Additional Medicare Tax for H-1B Visa Holders (Form 8959)
A 0.9% surtax kicks in when wages exceed $200,000 — but the threshold is different for married couples, and your employer almost certainly under-withheld if you and your spouse both work.
Under-withholding is common for dual-income H-1B couples:
- Each employer withholds the 0.9% surtax only when wages from that employer exceed $200,000. For a married couple each earning $180,000, neither employer withholds a single dollar of Additional Medicare Tax.
- But the MFJ threshold is $250,000 combined. Combined wages of $360,000 means $110,000 is subject to the 0.9% tax — an additional $990 owed at filing that was never withheld.
- If this shortfall pushes your underpayment over safe harbor limits, you may also owe an underpayment penalty on Form 2210.
What Is the Additional Medicare Tax?
The Additional Medicare Tax (AMT) is a 0.9% surtax enacted by the Affordable Care Act and codified at IRC §3101(b)(2). It applies to wages, Railroad Retirement Tax Act compensation, and self-employment income above certain thresholds. It is separate from the standard 1.45% employee Medicare tax and the 0.9% employer Medicare tax. The employer does not pay any portion of this additional 0.9% — it is entirely the employee's obligation.
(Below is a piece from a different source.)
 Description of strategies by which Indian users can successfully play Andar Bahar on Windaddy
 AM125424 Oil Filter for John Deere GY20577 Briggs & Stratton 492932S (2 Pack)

Form 8959 calculates the Additional Medicare Tax you owe and reconciles it against what was actually withheld from your wages. The net amount flows to Schedule 2, Line 11 of Form 1040.
The Thresholds
| Filing Status | Threshold |
|---|---|
| Single / Head of Household | $200,000 |
| Married Filing Jointly | $250,000 |
| Married Filing Separately | $125,000 |
These thresholds are not indexed for inflation and have not changed since the tax was introduced in 2013.
How Employer Withholding Works — and Why It Falls Short
Your employer is required to withhold the Additional Medicare Tax on wages it pays you that exceed $200,000 in a calendar year, regardless of your filing status or your spouse's income. The employer threshold is always $200,000 per employee, no matter whether you file single or jointly.
This creates a gap for married couples. Consider two scenarios:
Scenario A: One earner over $200k
H-1B earns $250,000. Employer withholds 0.9% on $50,000 = $450. MFJ threshold is $250,000 so actual liability is 0.9% on $0 = $0. You get a $450 credit (over-withheld). No issue.
Scenario B: Both earners under $200k
H-1B earns $160,000, spouse earns $140,000. Combined: $300,000. Neither employer withholds any Additional Medicare Tax. But $50,000 is above the $250,000 MFJ threshold. Liability: $450. Entire $450 is owed at filing.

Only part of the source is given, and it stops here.